## Exercise prompt
Retype exactly the lines from the one that contains "A Neo-Classical Portuguese" through the end of the listing, both included, but not the pictures.

## Recorded information
_ _ _ _ _ _ _

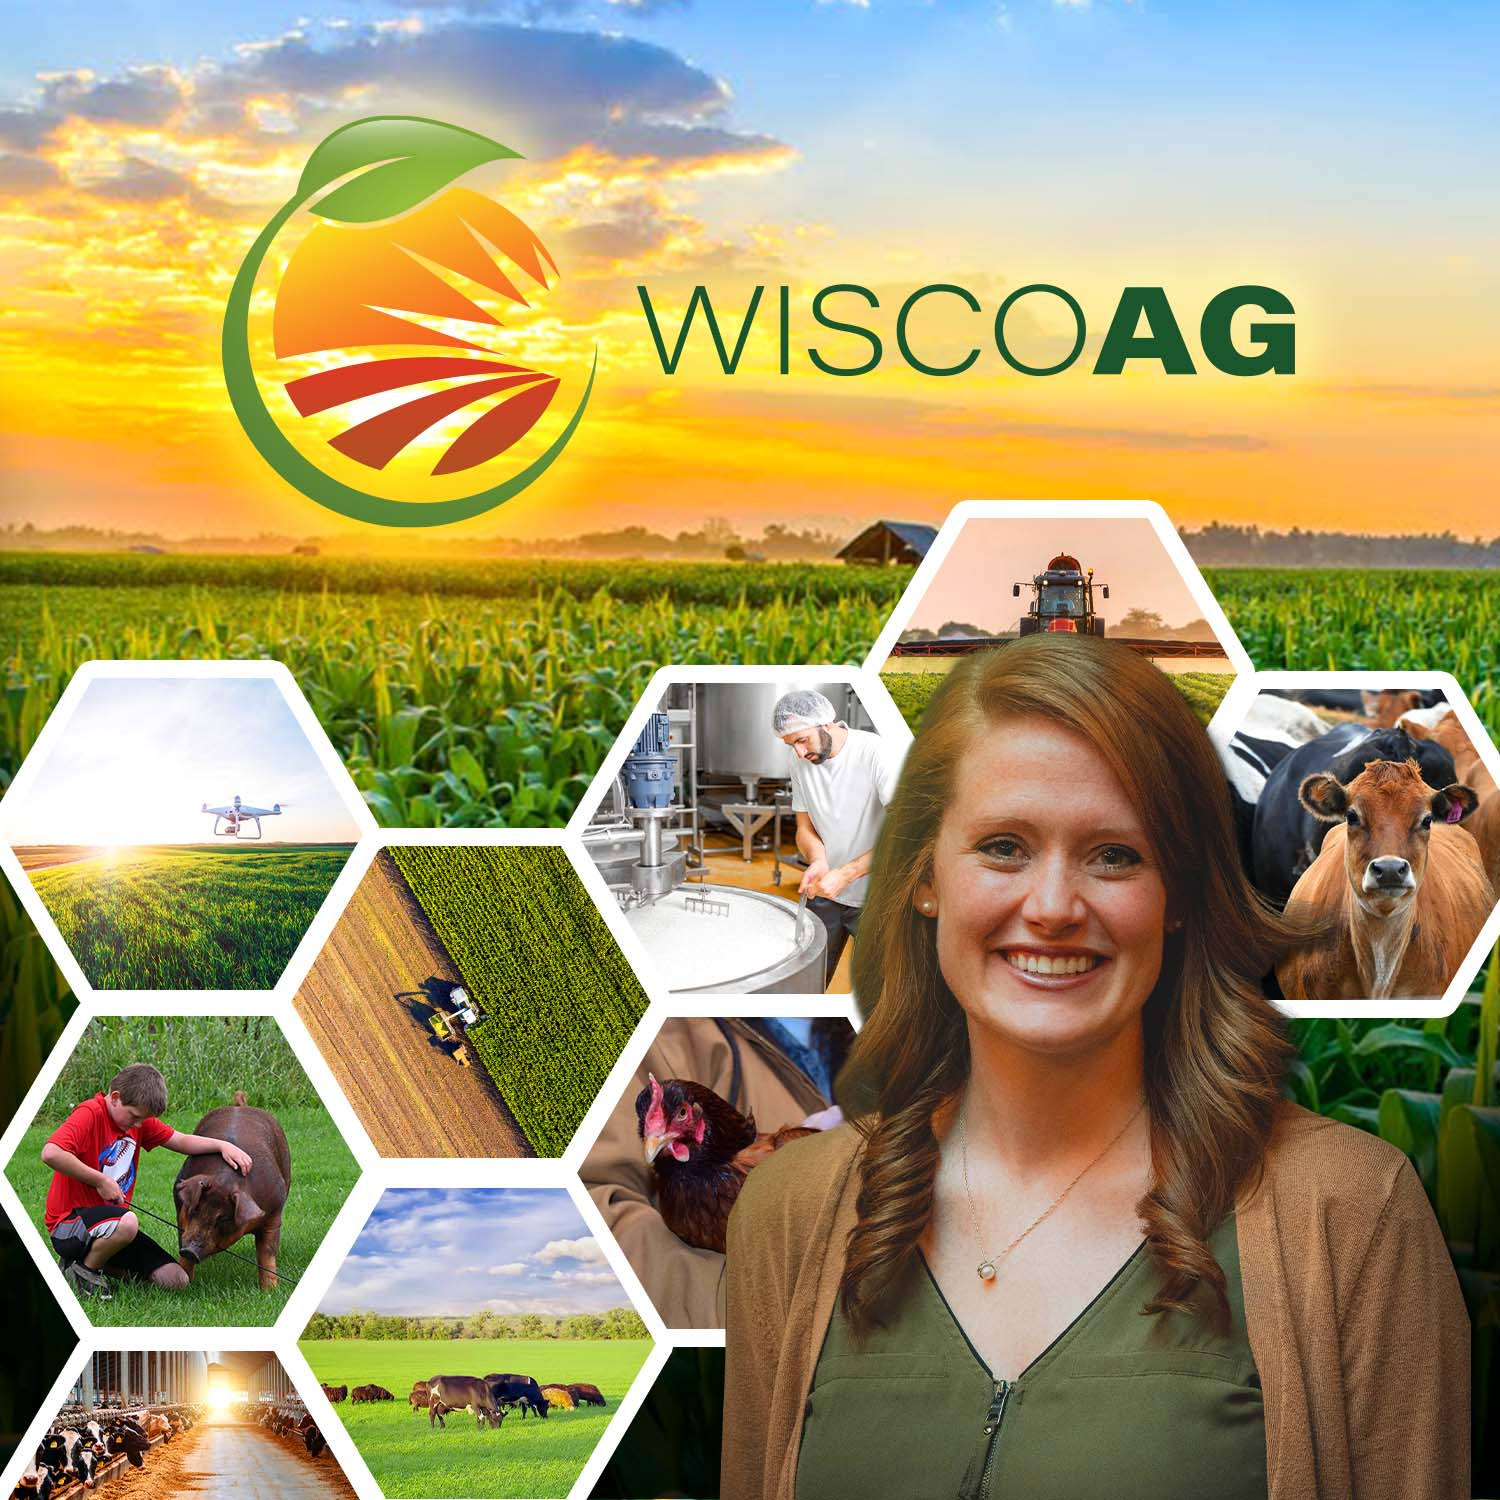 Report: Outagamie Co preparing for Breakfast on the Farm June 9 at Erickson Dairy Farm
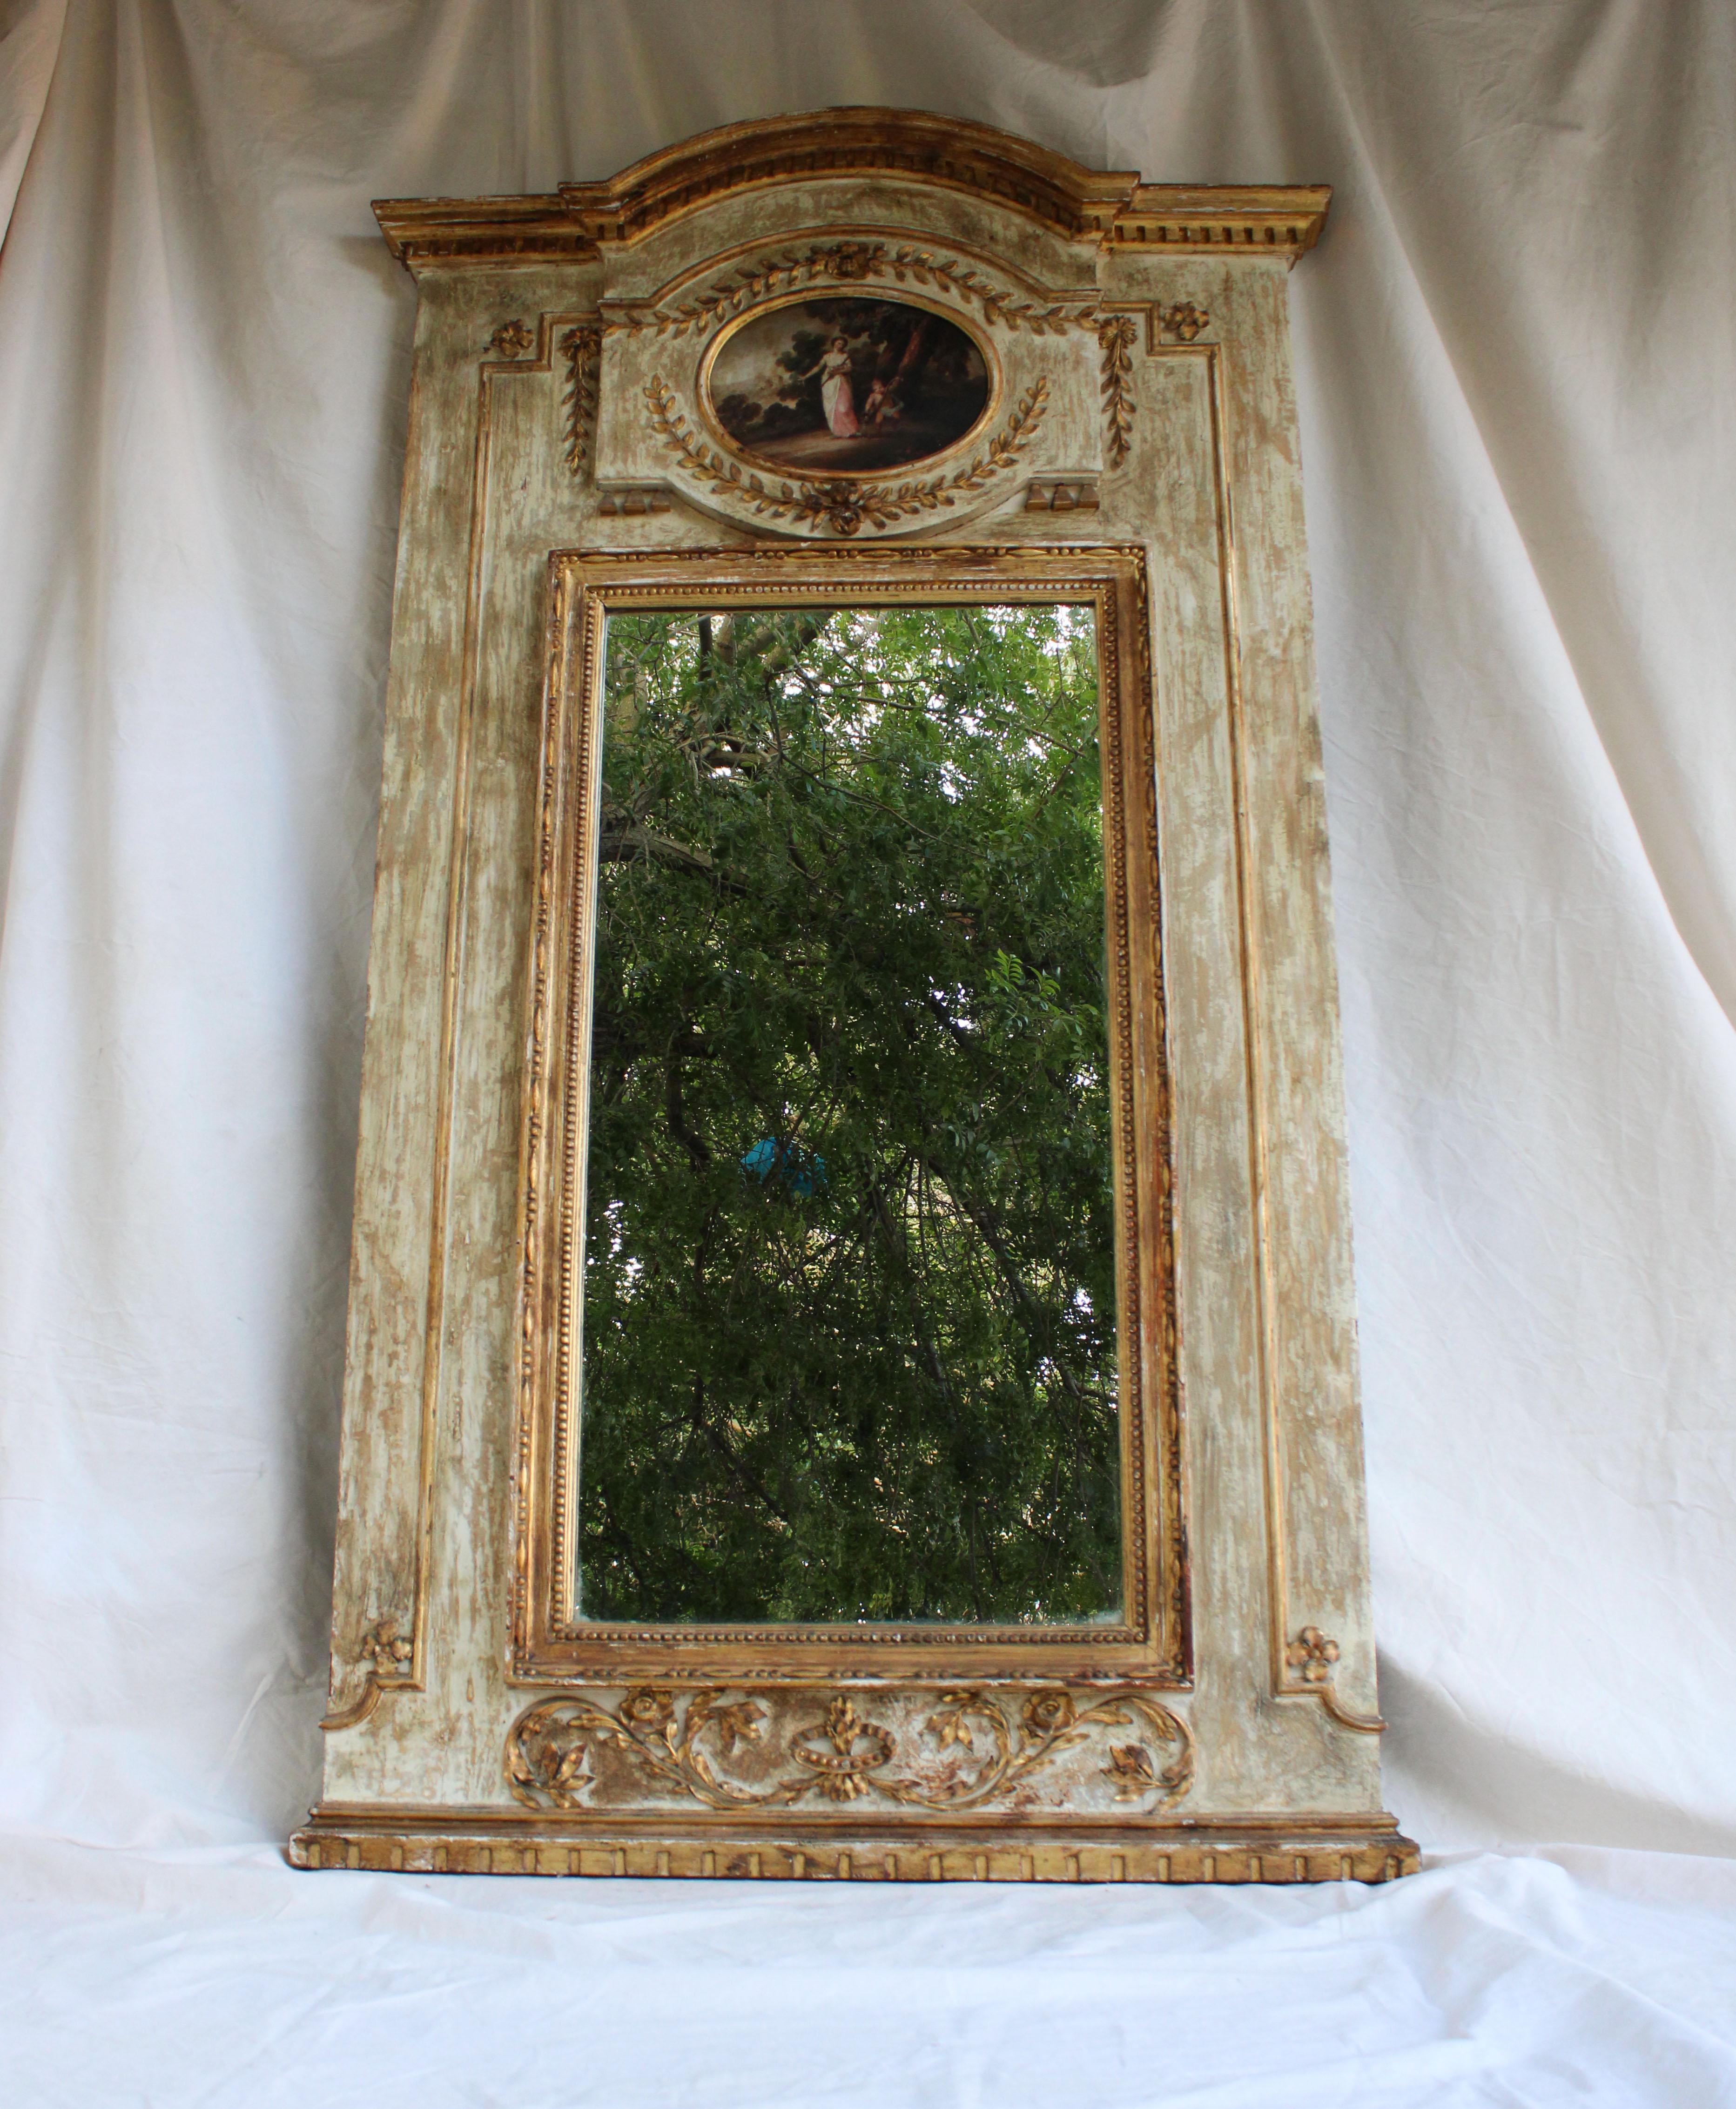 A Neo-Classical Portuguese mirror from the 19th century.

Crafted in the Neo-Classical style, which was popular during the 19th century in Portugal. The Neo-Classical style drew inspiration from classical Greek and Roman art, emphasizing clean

_ _ _ _ _ _ _

## Written response
 A Neo-Classical Portuguese mirror from the 19th century.

Crafted in the Neo-Classical style, which was popular during the 19th century in Portugal. The Neo-Classical style drew inspiration from classical Greek and Roman art, emphasizing clean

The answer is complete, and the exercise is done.